--- Data for review Enclosed Below ---

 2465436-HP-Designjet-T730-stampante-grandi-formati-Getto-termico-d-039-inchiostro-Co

--- End of Enclosed Data for review ---
--- Data for review Enclosed Below ---

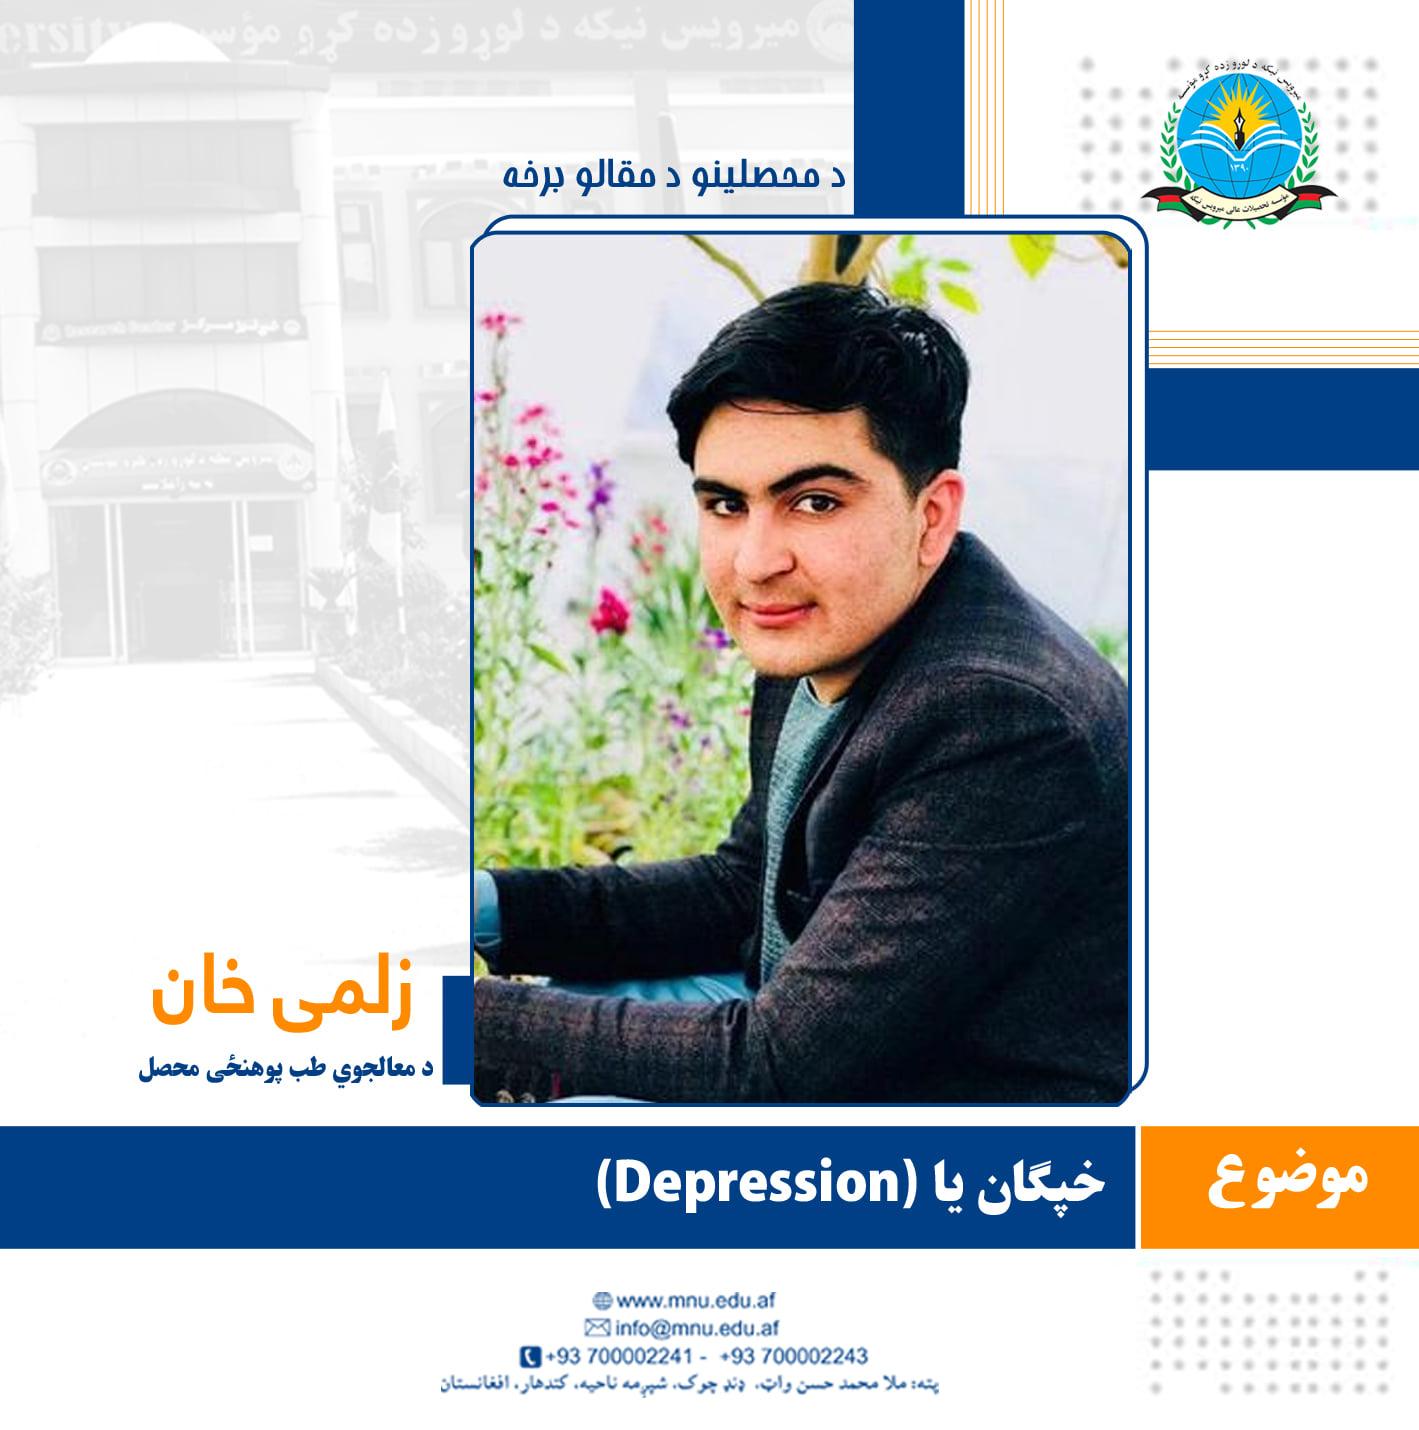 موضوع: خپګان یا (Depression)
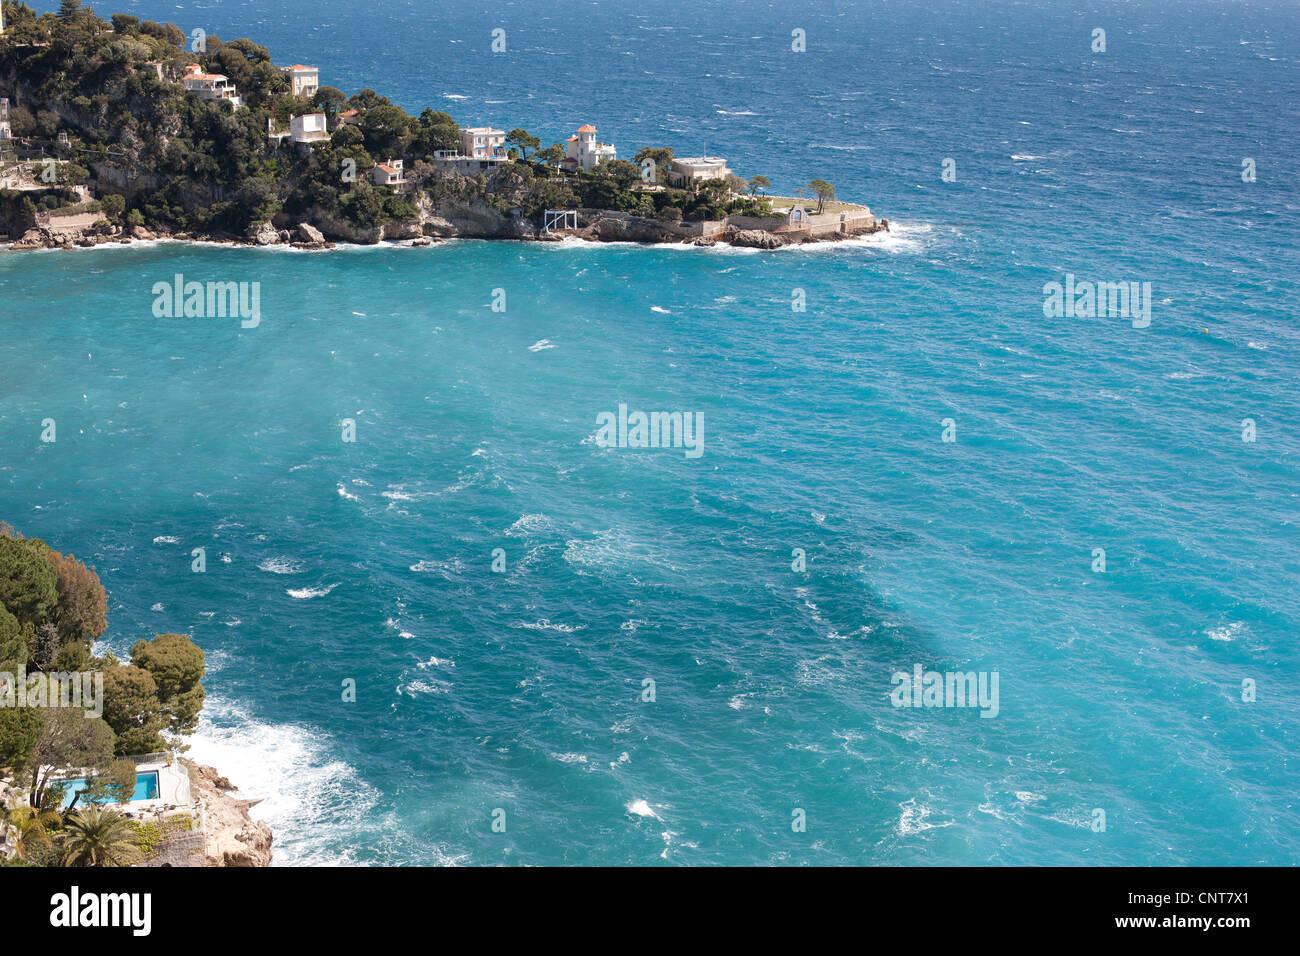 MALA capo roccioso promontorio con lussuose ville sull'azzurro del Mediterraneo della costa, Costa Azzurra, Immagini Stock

--- End of Enclosed Data for review ---

What is expected —
Excerpt from the records above: set down only the lines from the one that contains "موضوع: خپګان یا (Depression)" through the one that contains "MALA capo roccioso", inclusive, word for word. Pictures stay out.

Result for this exercise —
 موضوع: خپګان یا (Depression)
 MALA capo roccioso promontorio con lussuose ville sull'azzurro del Mediterraneo della costa, Costa Azzurra, Immagini Stock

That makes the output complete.